PostgreSQL 可靠性和一致性 代码分析
背景
PostgreSQL 的数据可靠性是依赖XLOG的实现的,所有的对数据块的变更操作在write到磁盘前,一定是确保这个变更产生的REDO会先写到XLOG,并保证XLOG已落盘。
也就是说流程是这样的:
1. 首先将需要变更的块从文件读入shared buffer
2. 变更shared buffer中block的内容
3. 将shared buffer中block变更的内容写入XLOG,如果是checkpoint后第一次变更该块,则写full page。
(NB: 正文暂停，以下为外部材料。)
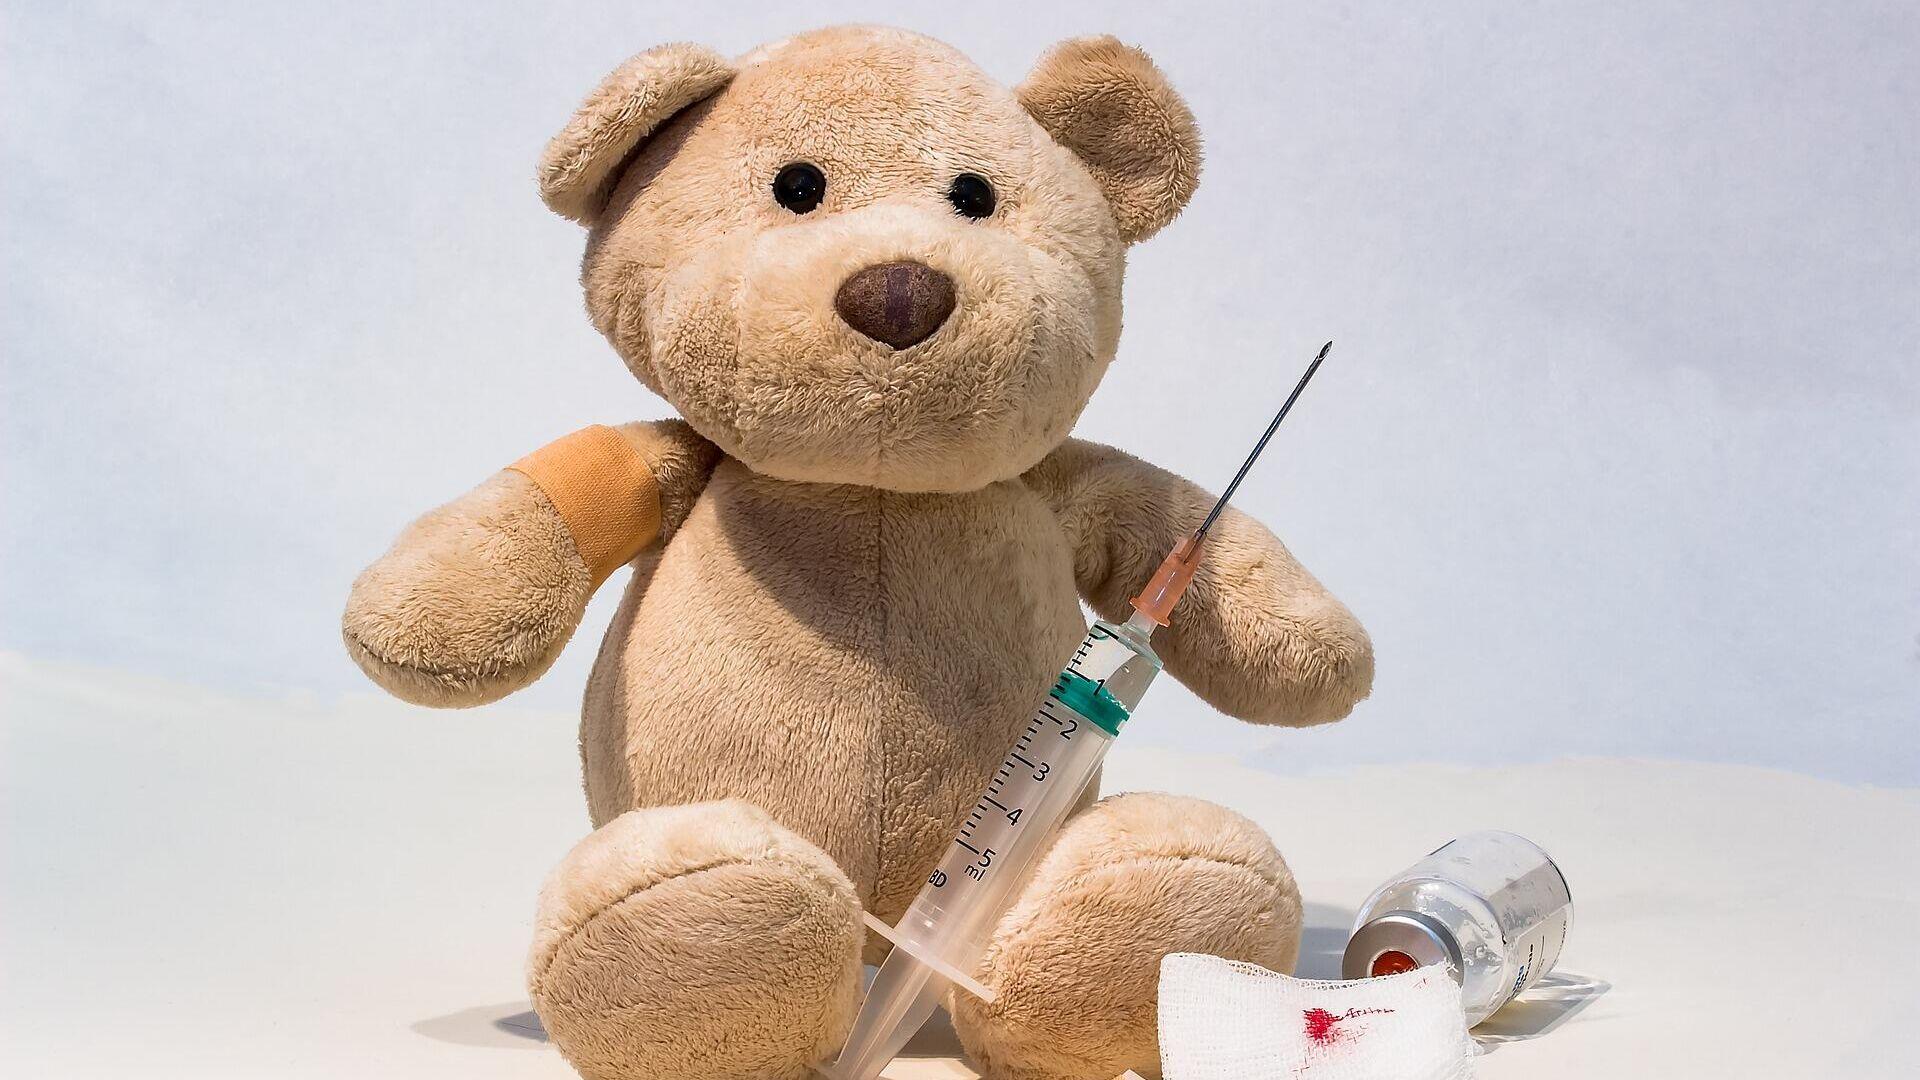 Impfung (Symbolbild) - SNA, 1920, 15.09.2021

(通过参数控制是否要写full page)。
4. 在bgwriter将shared buffer中的脏块write到os dirty page前,会确保它对应的XLOG已经落盘,通过脏块的LSN来确保。
所以问题来了,如果用户使用了异步提交,即synchronous_commit=off,会怎样呢?
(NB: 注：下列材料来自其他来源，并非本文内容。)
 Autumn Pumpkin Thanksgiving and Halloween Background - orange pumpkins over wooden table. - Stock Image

也没有问题,因为在第四步,一定是会保证造成脏页的XLOG是先落盘的。
所以开启synchronous_commit=off,只会造成丢XLOG,绝对不会造成数据不一致。
确保可靠性和一致性的代码如下:
/*
* Main entry point for bgwriter process
*
* This is invoked from AuxiliaryProcessMain, which has already created the
* basic execution environment, but not enabled signals yet.
*/
void
BackgroundWriterMain(void)
{
...
/*
* Do one cycle of dirty-buffer writing.
*/
can_hibernate = BgBufferSync();
...
/*
* BgBufferSync -- Write out some dirty buffers in the pool.
*
* This is called periodically by the background writer process.
*
* Returns true if it's appropriate for the bgwriter process to go into
* low-power hibernation mode. (This happens if the strategy clock sweep
* has been "lapped" and no buffer allocations have occurred recently,
* or if the bgwriter has been effectively disabled by setting
* bgwriter_lru_maxpages to 0.)
*/
bool
BgBufferSync(void)
{
...
/* Execute the LRU scan */
while (num_to_scan > 0 && reusable_buffers < upcoming_alloc_est)
{
int buffer_state = SyncOneBuffer(next_to_clean, true);
...
/*
* SyncOneBuffer -- process a single buffer during syncing.
*
* If skip_recently_used is true, we don't write currently-pinned buffers, nor
* buffers marked recently used, as these are not replacement candidates.
*
* Returns a bitmask containing the following flag bits:
* BUF_WRITTEN: we wrote the buffer.
* BUF_REUSABLE: buffer is available for replacement, ie, it has
* pin count 0 and usage count 0.
*
* (BUF_WRITTEN could be set in error if FlushBuffers finds the buffer clean
* after locking it, but we don't care all that much.)
*
* Note: caller must have done ResourceOwnerEnlargeBuffers.
*/
static int
SyncOneBuffer(int buf_id, bool skip_recently_used)
{
...
FlushBuffer(bufHdr, NULL);
...
/*
* FlushBuffer
* Physically write out a shared buffer.
*
* NOTE: this actually just passes the buffer contents to the kernel; the
* real write to disk won't happen until the kernel feels like it. This
* is okay from our point of view since we can redo the changes from WAL.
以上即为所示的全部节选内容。